Laboratory sessions and deliverables: Application execution in HPC environments, Data generation in HPC environments, data storage and data analysis in context of DA (Data Analytics)

During the lab exercises will be proposed that will be done most during the classes. Some of these exercises will aim at practicing specific aspects of both more traditional HPC and data analytics environments. Others will be part of a larger exercise over the course of sessions. There will be two exercises: one for the most HPC and one more specific for data analysis environments. It will first be delivered just after the end of sessions dedicated to HPC environments and applications. The second just after the data analysis environment sessions are over.
Objectives: 2 3 4 5
Contents:
Theory
0h
Problems
0h
Laboratory
28h
Guided learning
0h
Autonomous learning
28h

Teaching methodology

During the course there will be four types of activities:

a) Activities aimed at acquiring theoretical knowledge. Theoretical activities include participatory classes, which explain the basic contents of the course.

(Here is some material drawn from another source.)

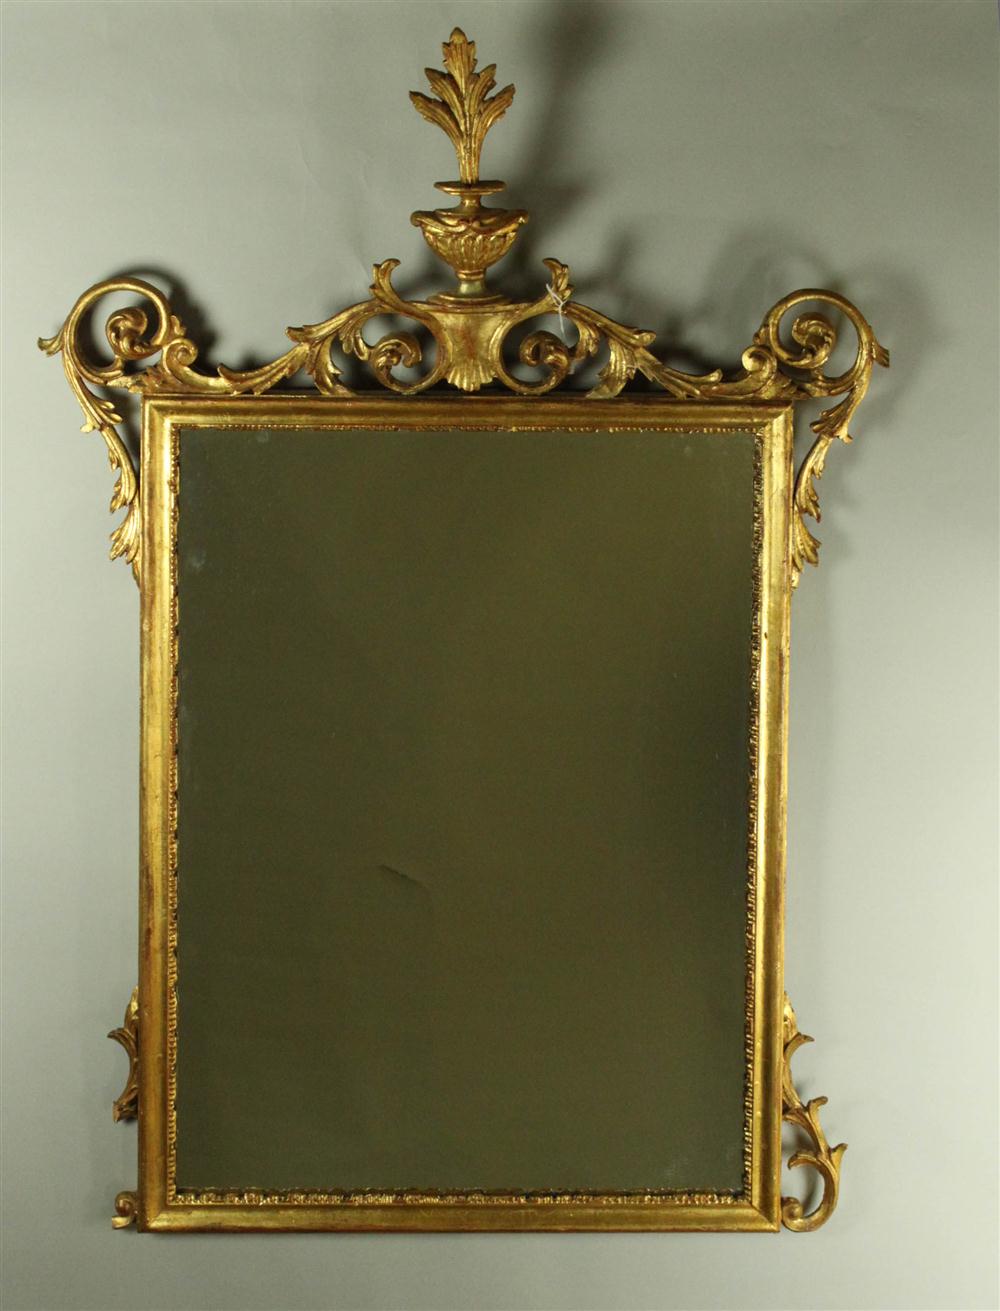 RECTANGULAR MIRROR SURROUNDED BY

b) The activities focused on acquiring knowledge through experimentation using the "learn to do" approach in practice-guided laboratory sessions (and final report). Some sessions may include pre-work or post-session work depending on
the use of laboratories.

c) Few sessions during the theory classes where practical exercises will be performed to perform numerical evaluations and analysis for performance evaluation.

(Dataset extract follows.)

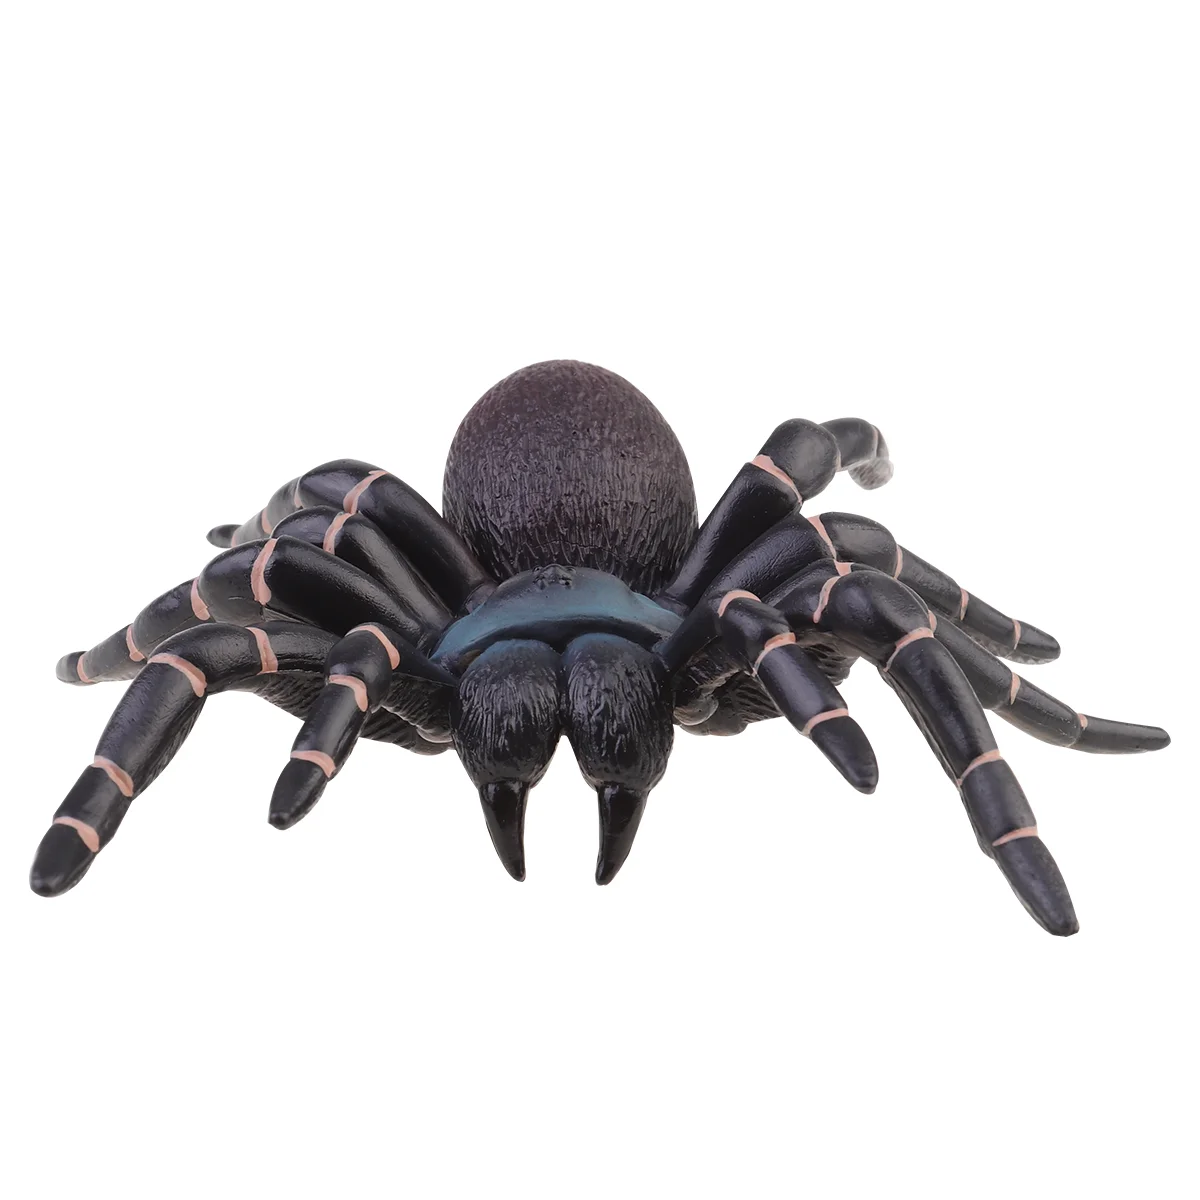 

Spider Toy Halloween Spiders Model Realistic Toys Prank Props Decorations Fake Scary Pranks Artificialkids Reptile Giant Insect

d) Two reports of exercises to be performed in laboratories related to HPC environments and applications and data analysis environments

Evaluation methodology

The evaluation of the subject will come out of three components:

- Partial exam: 40%
- Final exam: 40%
- Laboratory: 20%.

The lab grade will come from the evaluation of the lab deliverables
First partial exam will eliminate the material from Final exam (if mark >= 5.0)
The final grade is compted: 0.2*lab+0.4*final exam + 0.4*Partial exam

In case the grade is less than 5.0, student will be allowed to do the reevaluation exam. In that case, the grade will be computed as:

Final Note: Max(Revaluation Exam * 0.8, Partial exam * 0.4 + Final Exam * 0.4) + Laboratory * 0.2

Bibliography

Basic:

  • Hand-on sessions at GitHub - TORRES, Jordi,
  • Slides of the course - Torres, J, UPC,
  • Understanding supercomputing: with Marenostrum Supercomputer in Barcelona - Torres, J, Universitat Politècnica de Catalunya, Barcelona Supercomputing Center, 2016. ISBN: 9781365376825
    http://cataleg.upc.edu/record=b1490214~S1*cat
  • Hello world en TensorFlow - Torres, J, Universitat Politècnica de Catalunya, Barcelona Supercomputing Centrer, 2016. ISBN: 9781326532383
    http://cataleg.upc.edu/record=b1472879~S1*cat
  • Introducción a Apache Spark: para empezar a programar el big data - Macias, M.; Gómez, M.; Tous, R.; Torres, J, UOC, 2015. ISBN: 9788491160373
    http://cataleg.upc.edu/record=b1467894~S1*cat
  • Articles from Technical Journals in the area - ,

Complementary:

Previous capacities

C and Python are the programming language of choice for the labs sessions of this course. It is assumed that the student has a basic knowledge of Python and C prior to starting classes.